III. Autologous Cell-Based Immunotherapy and Gene Therapy
The rule finalized the continuation of the existing bundled payment policy for CAR T-cell therapies (which was initially finalized in the CY 2025 PFS final rule) and extended the policy to autologous cell-based immunotherapies and gene therapies. As a result, under the final rule, preparatory procedures for patient-specific cell or tissue procurement and processing required for manufacturing are bundled into the product payment and are not paid separately.
Prior to the final rule, payment for procedures required for manufacturing other autologous cell-based immunotherapies and gene therapies (other than CAR T-cell therapies) had not been explicitly addressed by CMS. In the final rule, CMS acknowledged that the tissue procurement step for all autologous cell-based therapies is “a pivotal part” of the manufacturing process and the overall cost of the product (i.e., COGS), and therefore should not be paid separately.
Consistent with this policy to include preparatory procedures for manufacturing an autologous cell-based immunotherapy or gene therapy in the payment of the product itself, CMS had initially proposed that such payments not be considered a BFSF for purposes of calculating the manufacturer’s ASP, and proposed to require their inclusion in ASP starting January 1, 2026. However, CMS decided not to finalize either of these proposals based on public comments. Instead, under the final rule, manufacturer-paid preparatory services may be treated as BFSFs—and thus be excluded from ASP—when they are itemized, represent fair market value, are performed on behalf of the manufacturer, and are not passed through to a purchaser.
IV. Conclusions
Although the final rule may be seen as a partial win for the pharmaceutical industry and other concerned stakeholders who objected to a number of proposals that CMS decided not to finalize, the final rule still contains major policy changes with substantial impacts on manufacturers and their government pricing activities and obligations, with a fast-approaching deadline of January 1, 2026 for manufacturers to come into compliance with the new data submission requirements.

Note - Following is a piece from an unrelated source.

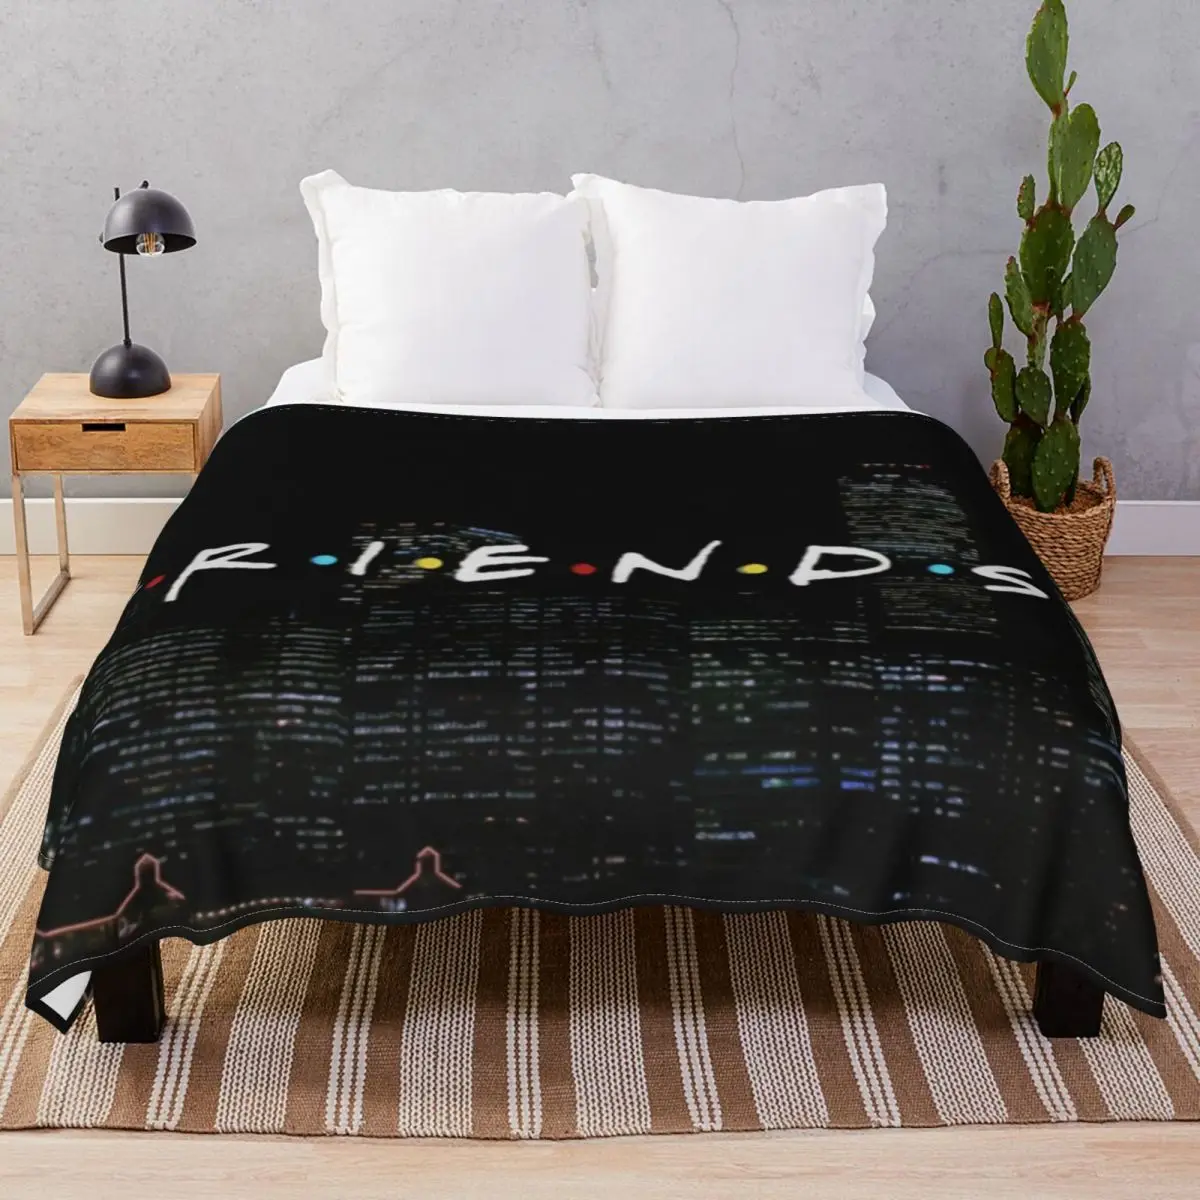 Friends Blankets Flannel Print Fluffy Throw Blanket for Bed Sofa Camp Office

Looking to the future, CMS will soon be issuing a template for use in submitting “detailed summaries” of fair market value methodologies to be submitted with the ASP submission for 1Q 2026 and subsequent quarters. Beyond the immediate future, CMS has expressly stated that it will continue to consider a number of its non-finalized proposals in a future rulemaking, including proposals related to FMV determinations and extending the no pass-through requirement to “affiliates” of the service provider. We expect CMS eventually to finalize a definition of bona fide service fees for ASP purposes. Moreover, regulations under the MDRP will almost certainly be revised so that the two definitions are consistent.
We will continue to monitor developments on this rule, including any legal challenges, as they arise.